The Supreme Court of New Jersey has held that a court may not strip a law firm’s partners of the protections of a limited liability partnership (LLP) because the firm did not maintain malpractice insurance to cover the period after the partnership had dissolved and was winding up its business. Mortgage Grader, Inc. v. Ward & Olivo, LLP, No. A-53-14, 2016 WL 3434529 (N.J. Jun. 23, 2016). The Court’s decision should give comfort to all professionals that practice in a limited liability entity that the liability protections they enjoy will not be forfeited just to provide a remedy to an injured plaintiff.

In Mortgage Grader, a former client sued the law firm and each of its partners after the firm dissolved and was in the process of winding up its affairs. The firm had maintained professional liability insurance during the time it was actively practicing law (when the alleged malpractice occurred) but it did not purchase “tail” coverage for claims arising after its dissolution. The trial court had held that the failure to maintain liability insurance violated Rule 1:21-1C(a)(3) (the “Rule”), which requires attorneys practicing within an LLP to maintain professional liability insurance to cover any damages resulting from any claim made against the LLP by its clients. Because the LLP did not have “tail” insurance, the trial court held that the individual partners were not shielded from personal liability, as they would have been as members of an LLP, and were vicariously liable for their partners’ negligence. The trial court thus stripped the partners of the protections of the LLP, converting the LLP into a general partnership.
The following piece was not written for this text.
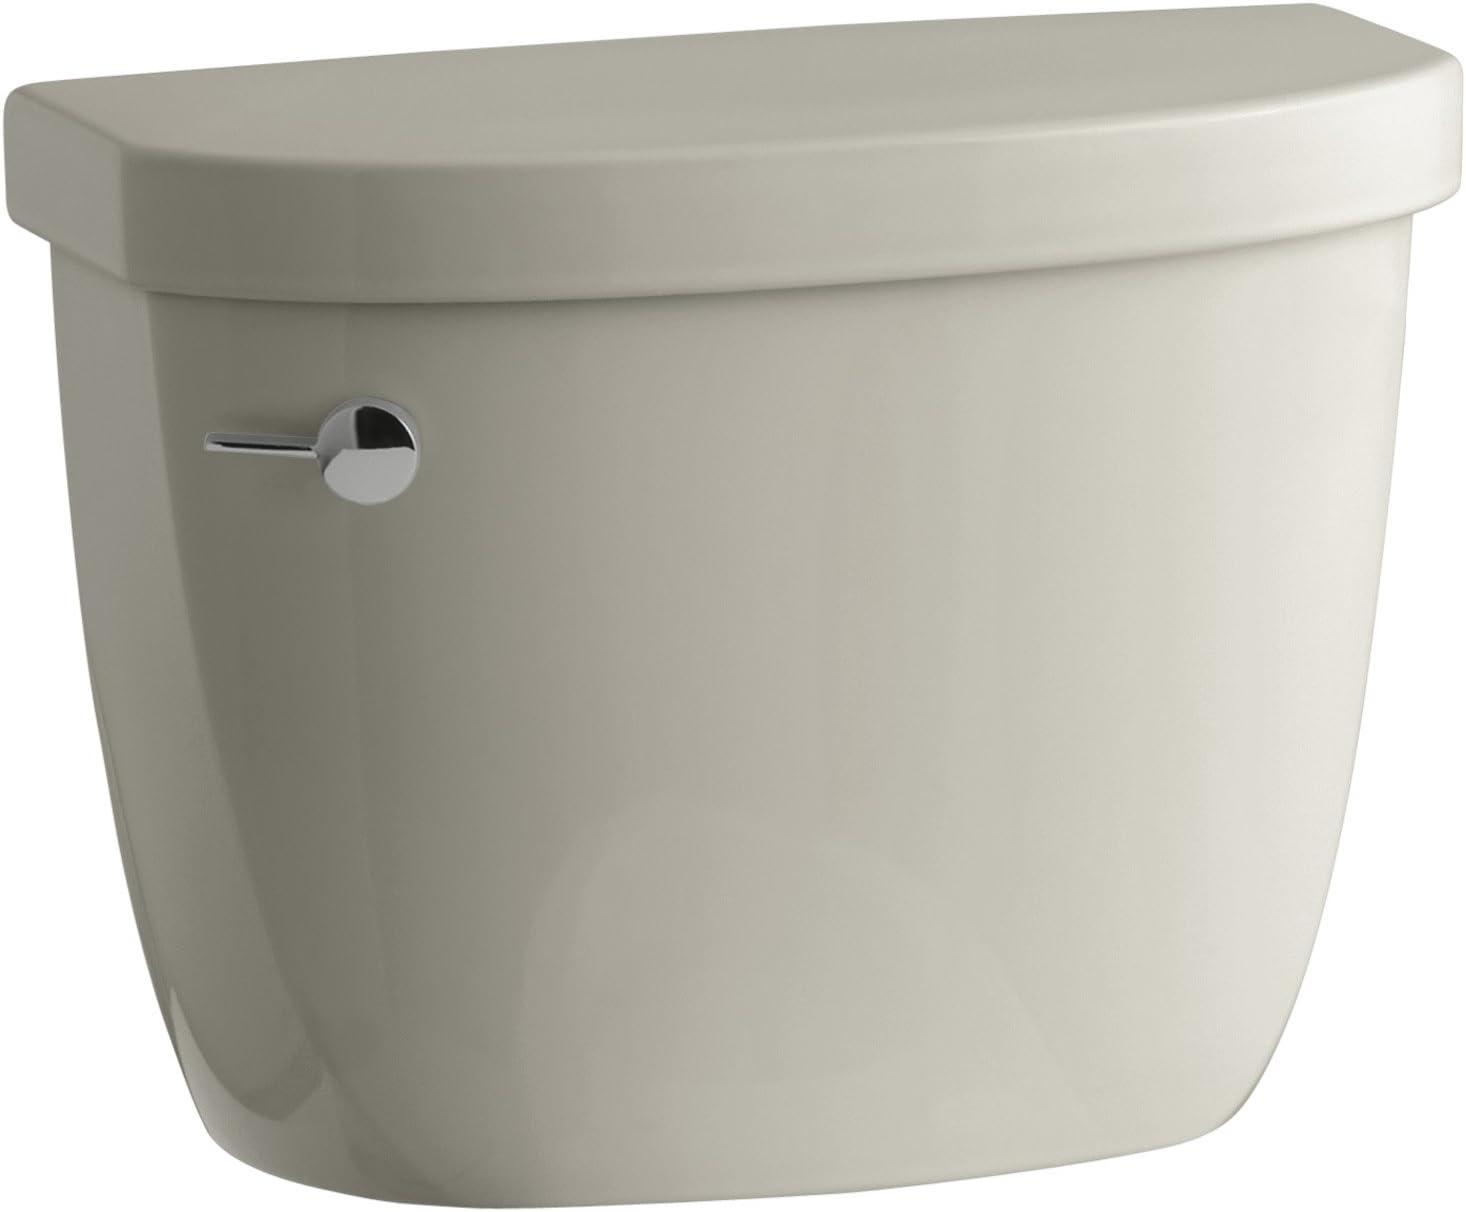 High quality Kohler K-4421-G9 Industry No. 1 Cimarron 1.28 gpf Toilet Tank Six Sandba Class

The Appellate Division reversed and held that neither the Rule nor the Uniform Partnership Act (UPA) authorized the trial court to remove the individual partners’ liability protections.

On appeal, the Supreme Court held that the Rule did not require a dissolved LLP to maintain professional liability insurance since it was no longer engaged in the practice of law but is simply collecting receivables and paying off the liabilities of the practice. Relying on the UPA and case law interpreting it, the Court held that the administrative activities conducted during the windup period did not amount to the transacting of business for which the LLP was created.  Further, the law firm, in fact, had insurance at the time the alleged malpractice occurred. Even if the firm had failed to maintain insurance, nothing within the Uniform Partnership Act authorized the “conversion” of an LLP into a general partnership to rectify that omission. The Court noted that the UPA provisions governing revocation of LLP status manifested a strong intent to preserve the liability shield. Thus, the UPA requires at least 60 days’ notice before revocation, and affords the LLP an opportunity to cure any procedural deficiency prior to revocation. The UPA also allows for reinstatement of LLP status within two years of revocation as if there had been no interruption in status, for the specific purpose of preserving the limited liability protections.  

Mortgage Grader shows that courts will be reluctant to order fundamental changes in the structure of freely chosen business entities, especially when imposing such changes would undermine the limited liability protections the members rely on and expect.